REQUIRED WORK:
Take the line with "사무실 책상 튼튼한거 두개랑 의자3개 보조테이블하나" and every line after it, through the end of the listing, and give them again exactly, pictures excluded.

DATA BELOW:
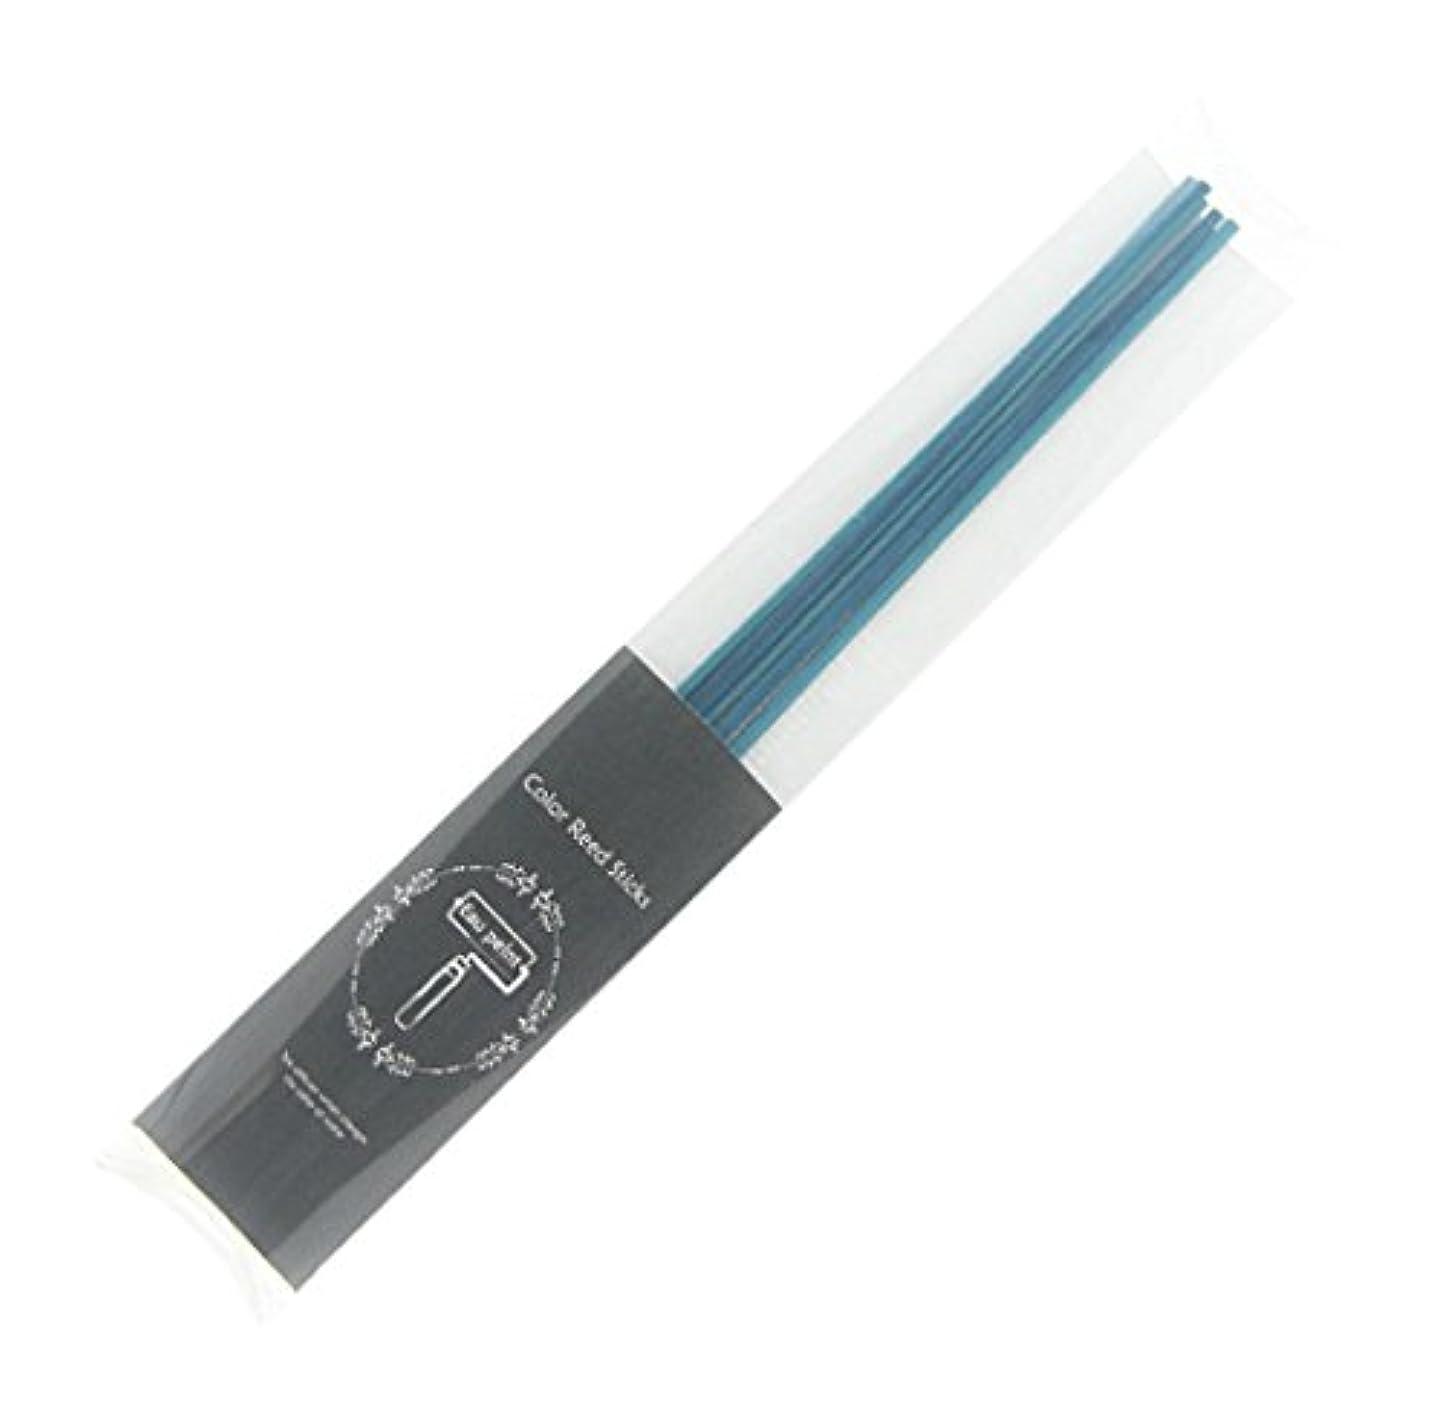 ゆりかご更新するワイプEau peint mais+ カラースティック リードディフューザー用スティック 5本入 ブルー Blue オーペイント マイス
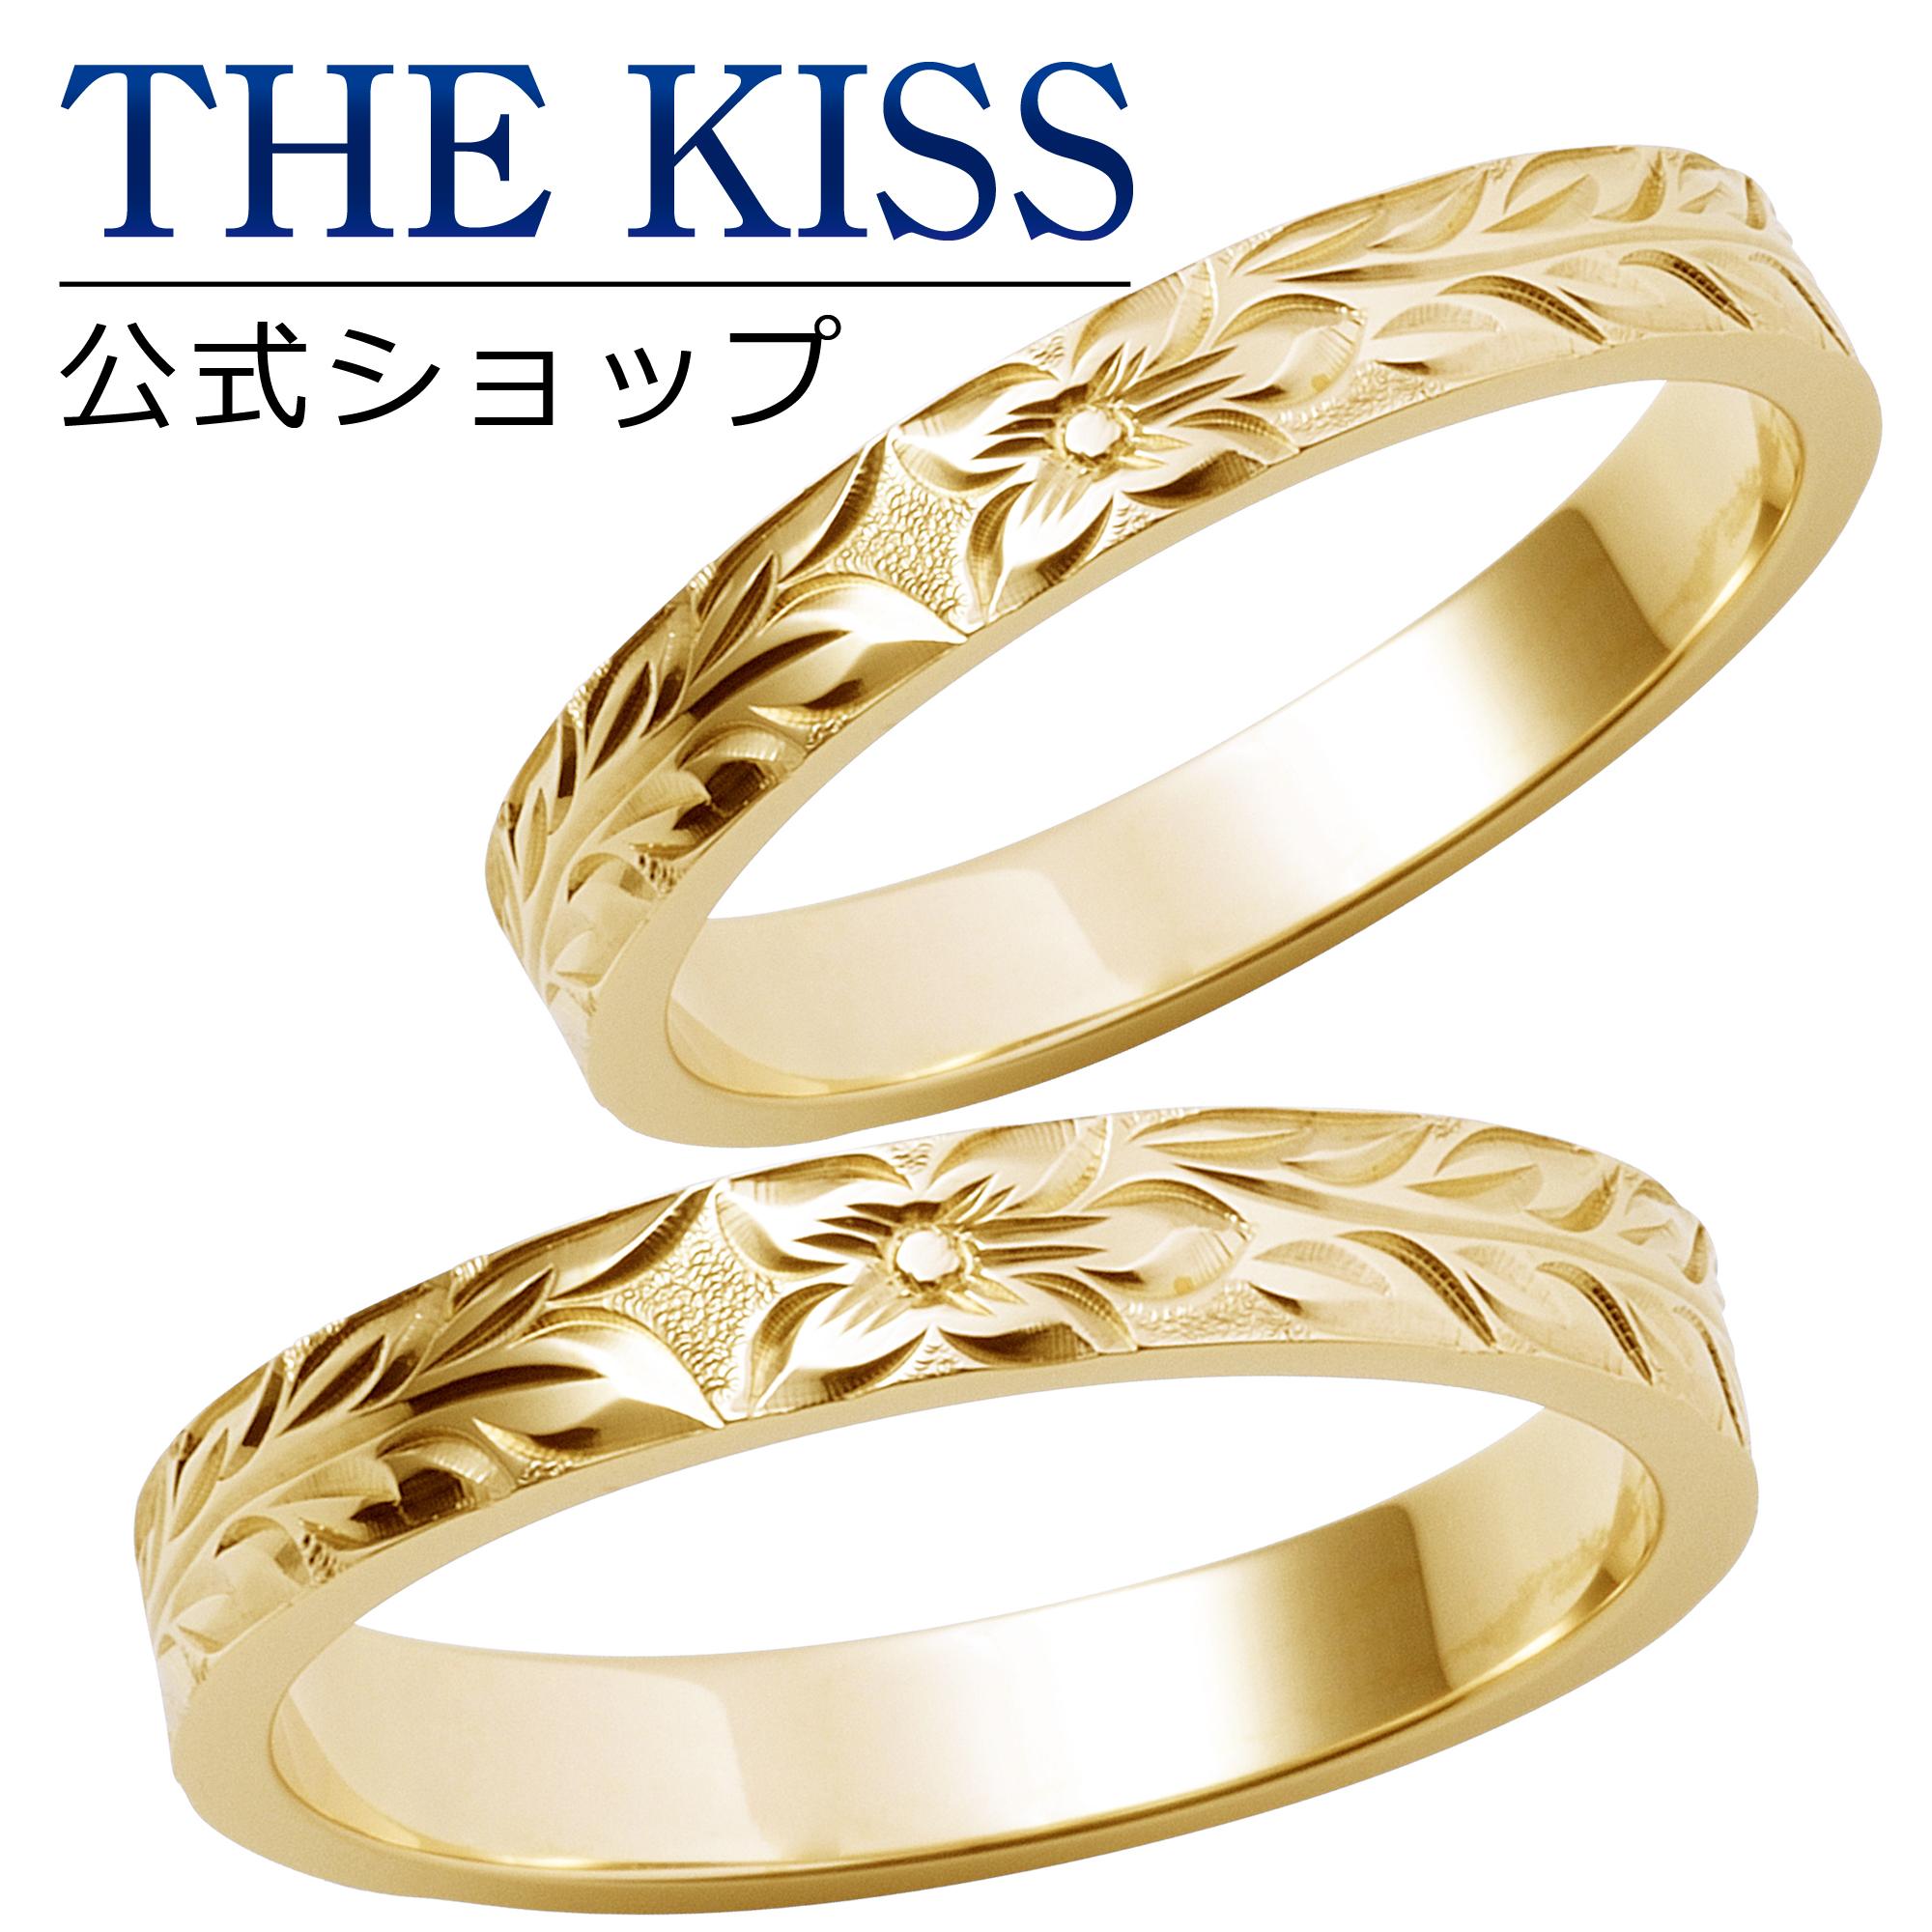 【刻印可_10文字】【Kahuna】 K10イエローゴールド マリッジリング ハワイアンジュエリー Long Maile ロングマイレ 結婚指輪 ペアリング THE KISS ザキッス リング・指輪 50W-RF-31-110_50W-RF-31-120_YG セット シンプル 男性 女性 2個ペア ザキス 【送料無料】
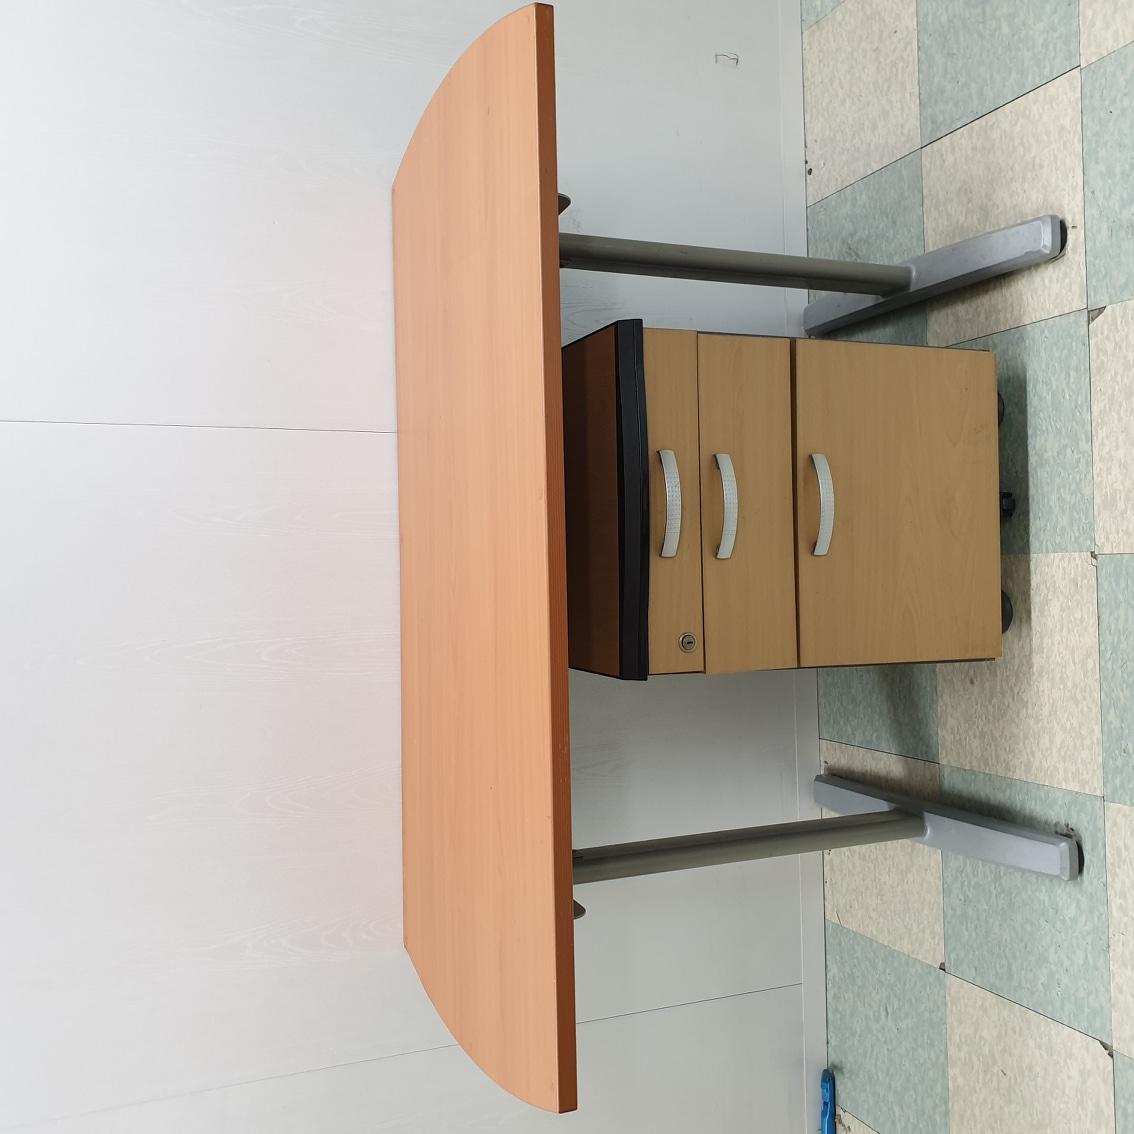 사무실 책상 튼튼한거 두개랑 의자3개 보조테이블하나
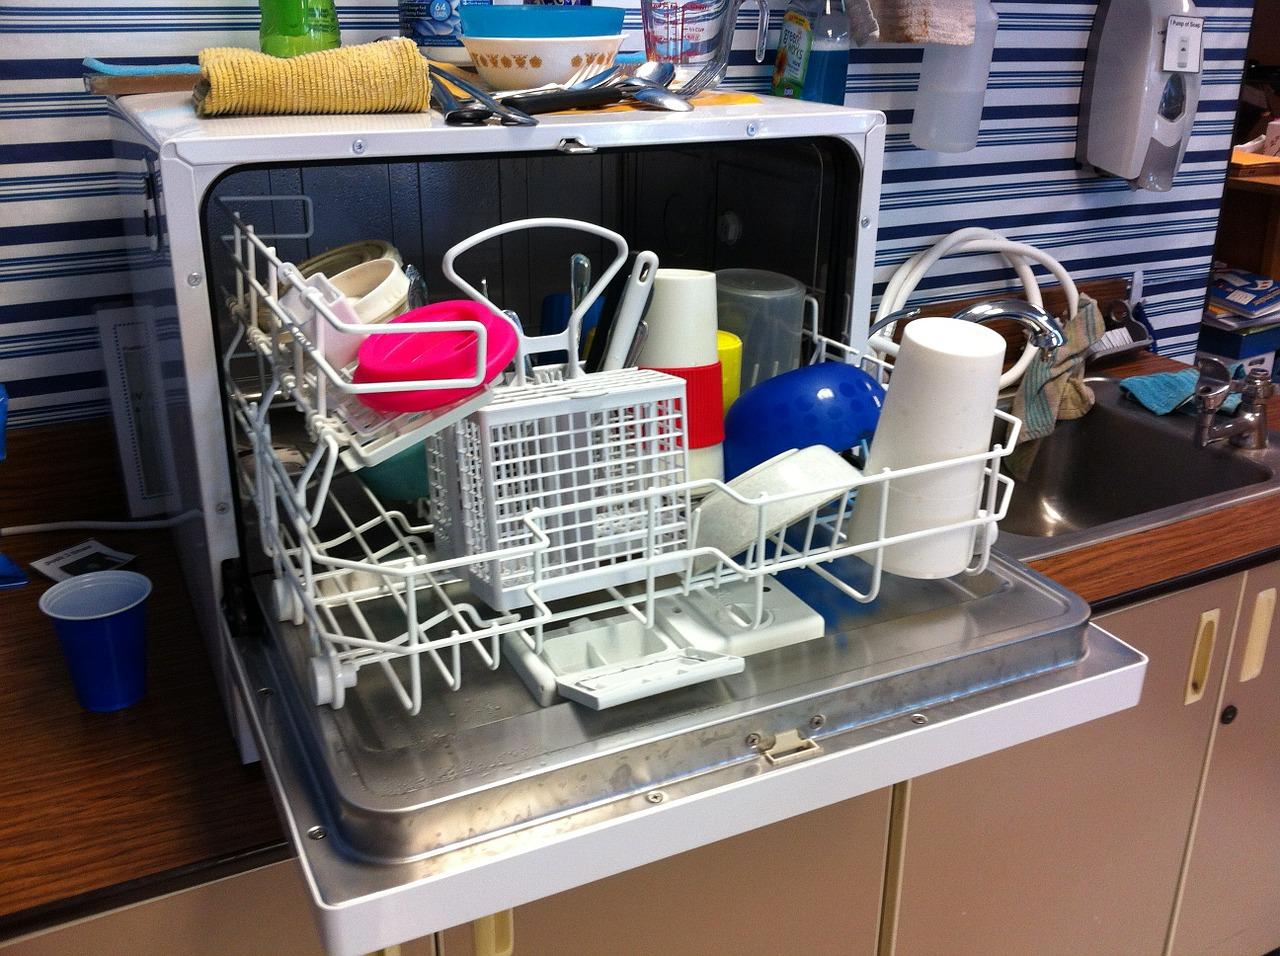 Things to buy this Diwali - dishwasher

TASK RESULT:
 사무실 책상 튼튼한거 두개랑 의자3개 보조테이블하나
 Things to buy this Diwali - dishwasher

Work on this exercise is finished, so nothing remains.